# Bear Creek Rapid near Salida East



## denali1322 (Jun 3, 2013)

Would appreciate some beta on this rapid from anyone that has been through there at these levels. Was planning a family raft trip including my dogs this weekend from Stone Bridge to Rincon. I went through this section a couple years ago in an IK and don't recall Bear Creek being anything particularly remarkable. 

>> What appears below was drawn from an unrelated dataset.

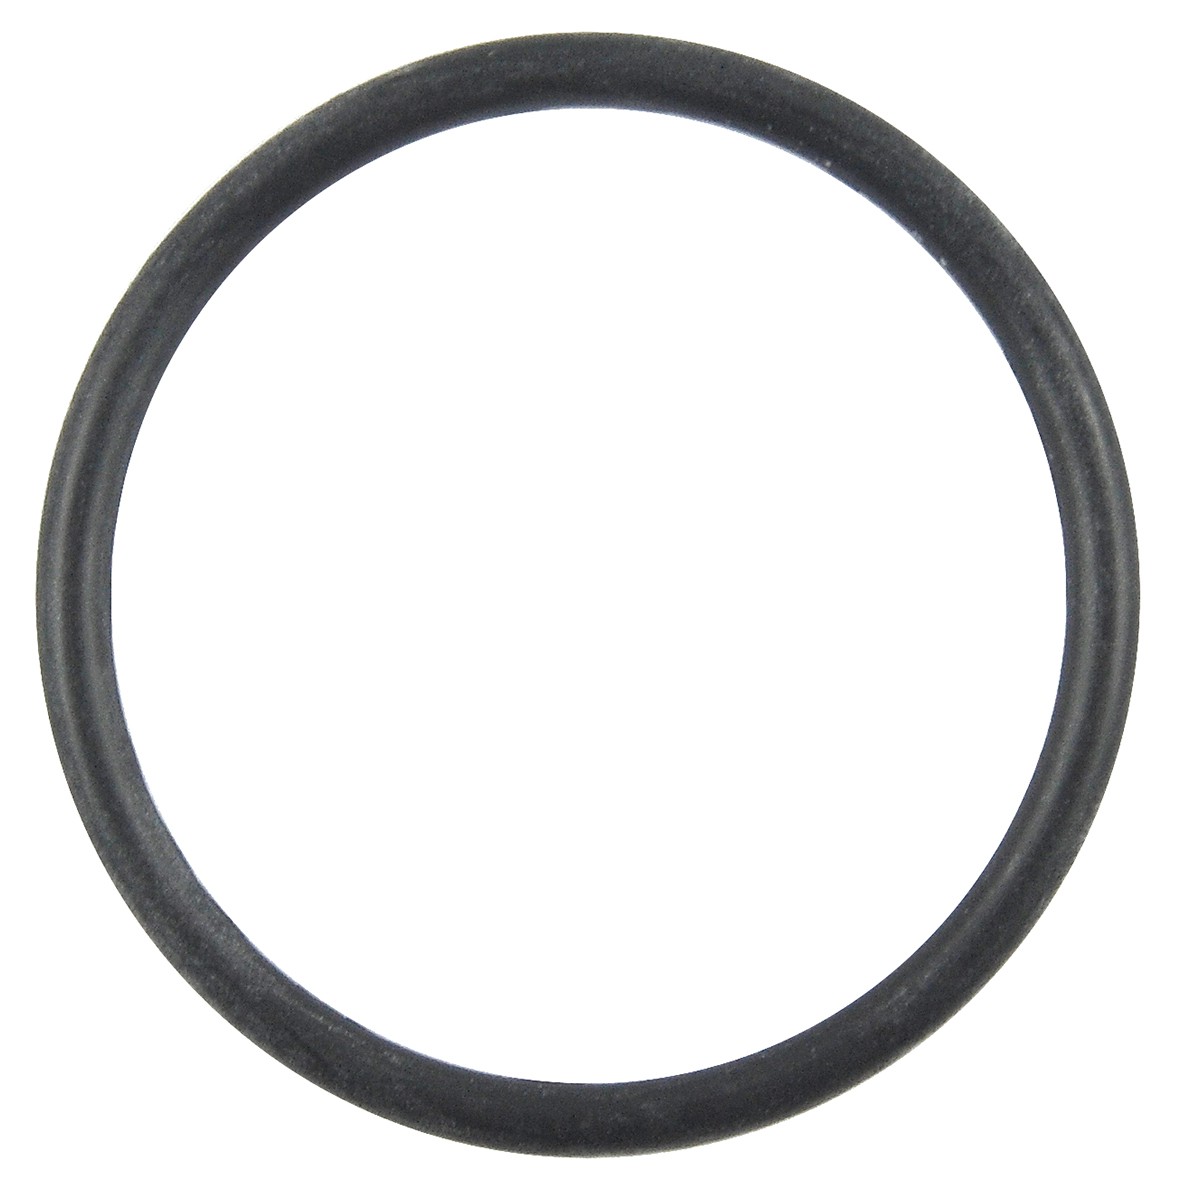 O-Ring / 5,80 x 78,80 m / Kubota L4508/L4708/L5018/M5000/M6040 / 3A111-09830 / 5-27-101-78

Having said that, I just ran from Rincon to Trading post yesterday and both Tincup and Cottonwood seemed larger than I recalled (quite honestly, I didn't recall Tincup at all but it was a nice healthy drop with water coming from multiple directions). It all was fine and easy, but I didn't have dogs with me at the time and I remember thinking I'm not sure how comfortable my wife would be with our dogs in our boat going through either of those rapids (particularly Tincup). Probably over thinking this as I'm sure Bear Creek is pool drop with a nice place to recover if a dog came out, but wouldn't mind some info. I'd be particularly interested in how Bear Creek compares to Tincup or Cottonwood at these levels.


----------



## DoStep (Jun 26, 2012)

Nothing from town to rincon to speak of for water hazards. But the rocks came back and the lines are shallower and narrower, and lots of little wave trains along bedrock banks that can get Ya if you aren't paying attention.


----------



## Skikbum66 (Apr 5, 2014)

I was through there yesterday. Starting to get rocky, but runnable. I will continue till it gets to about 300 CFS. 


Rich


----------



## Spade Hackle (Jun 18, 2007)

floated it last week twice, in the past as low as 225 cfs, lots of rock dodging, some rock sliding, working right to left...usually no big deal, more interesting dodging just below the rapid for another 1/2 mile or so. 

Spade Hackle


----------



## lmyers (Jun 10, 2008)

Spade Hackle said:


> floated it last week twice, in the past as low as 225 cfs, lots of rock dodging, some rock sliding, working right to left...usually no big deal, more interesting dodging just below the rapid for another 1/2 mile or so.
> 
> Spade Hackle


At moderate to high flow I have always thought of the crux as down around the corner a good 1/4 mile or so below where Bear Creek actually comes in. At this flow the boney top section is usually more challenging, but at more substantial water that lower part of the rapid has a nice flipper wave/hole.


----------